In order to focus only on actual differences between documents and not care
about how they are formatted we will first produce a flat version of JSON where
each line corresponds to exactly one value. `jq` allows to write longer scripts
and reference them in invocations. We're going to use the following:

```
paths as $path
| getpath($path) as $value
| ($value | type) as $type
| select(
  (
    ($type == "object" and $value != {})
    or ($type == "array" and $value != [])
  )
  | not
)
| [([$path[] | tostring] | join(".")), $value]
```

It basically traverses all paths in document and outputs their value, unless
they are non-empty complex types.
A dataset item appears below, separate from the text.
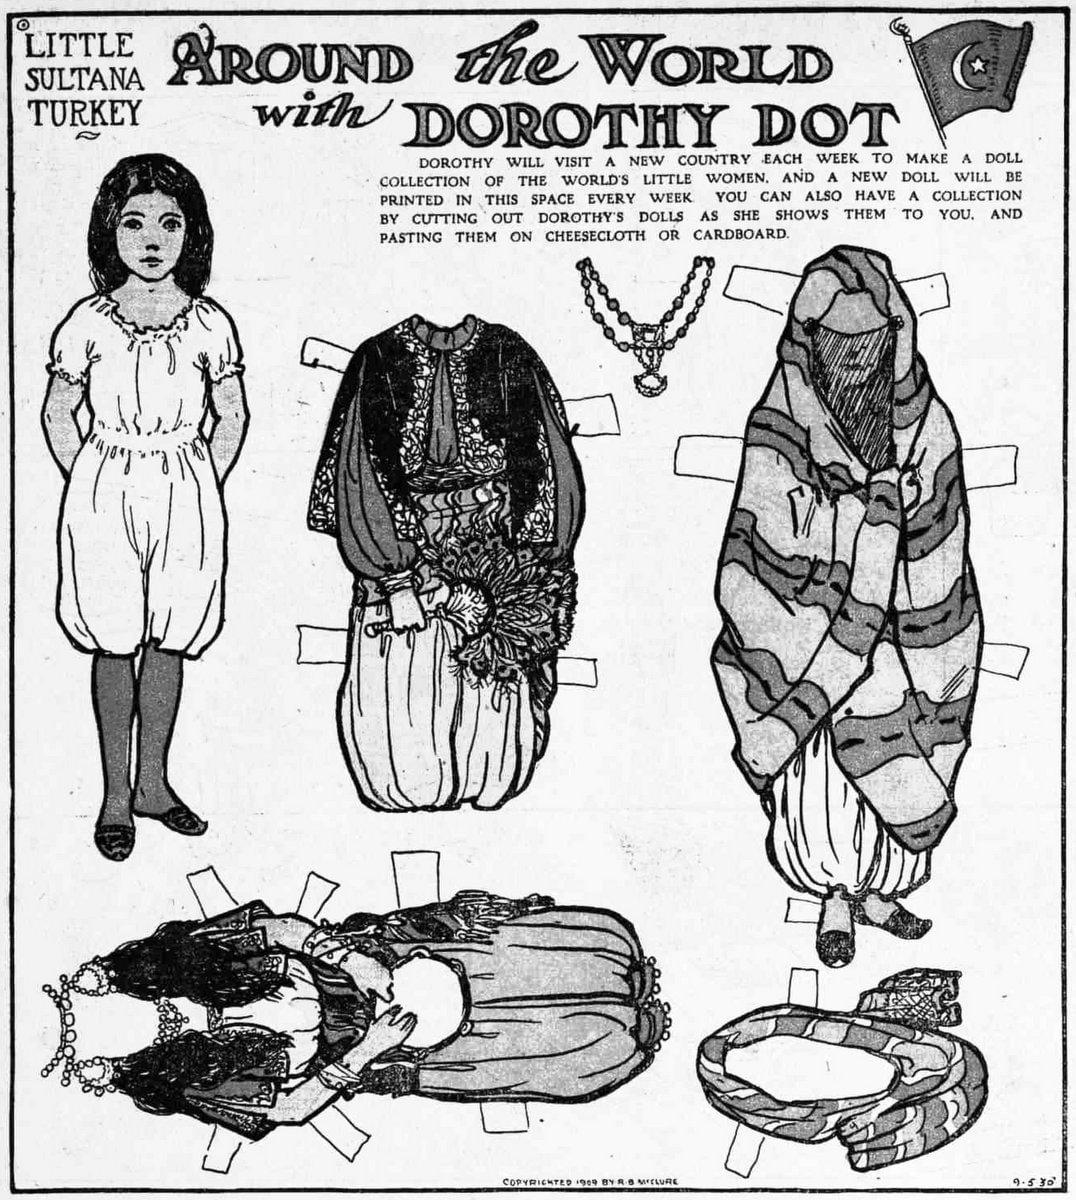 dorothy dot paper doll little sultana of turkey 1909 click

Let's have it convert an example document
like:

```json
{
  "empty_object": {},
  "empty_array": [],
  "array": [
    "value1",
    "value2"
  ],
  "object": {
    "key1": "value1\nvalue1.1",
    "key2": "value2"
  }
}
```

We will use `-c` option to `jq` in order to ensure that each key-value pair
actually takes one line:

```
$ cat d3.json | jq -cf flat.jq
["empty_object",{}]
["empty_array",[]]
["array.0","value1"]
["array.1","value2"]
["object.key1","value1\nvalue1.1"]
["object.key2","value2"]
```

Now we can use this `jq` script to compare more complex documents:

```
$ diff <(jq -cf flat.jq d1.json | sort) <(jq -cf flat.jq d2.json | sort)
1,6c1,6
< ["object1.key1","value1"]
< ["object1.key2","value2"]
< ["object3.key1.0","value1"]
< ["object3.key1.1","value2"]
< ["object3.key1.2.0.key1","value1"]
< ["object3.key1.2.1.key1","value1"]
---
> ["array1.0","value1"]
> ["object2.key1","value1"]
> ["object2.key2","value2"]
> ["object3.key3.0","value3"]
> ["object3.key3.1","value5"]
> ["object3.key3.2.0.key1","value2"]>>
```

## Showing only the common parts of documents

Let's say we have document:

```json
{
  "object1": {
    "key1": "value1",
    "key2": "value2.1"
  },
  "array1": [
    "value1",
    "value2",
    "value3",
    "value4"
  ]
}
```

and:

```json
{
  "object1": {
    "key1": "value1",
    "key2": "value2"
  },
  "array1": [
    "value1",
    "value2",
    "value4"
  ]
}
```

`comm` tool will help us here:

```
$ comm -1 -2 <(jq -cf flat.jq d1.json | sort) <(jq -cf flat.jq d2.json | sort)
["array1.0","value1"]
["array1.1","value2"]
["object1.key1","value1"]
```

One way to use this technique is, if we have default values files and overrides
files and want to see which keys are redundant in the latter.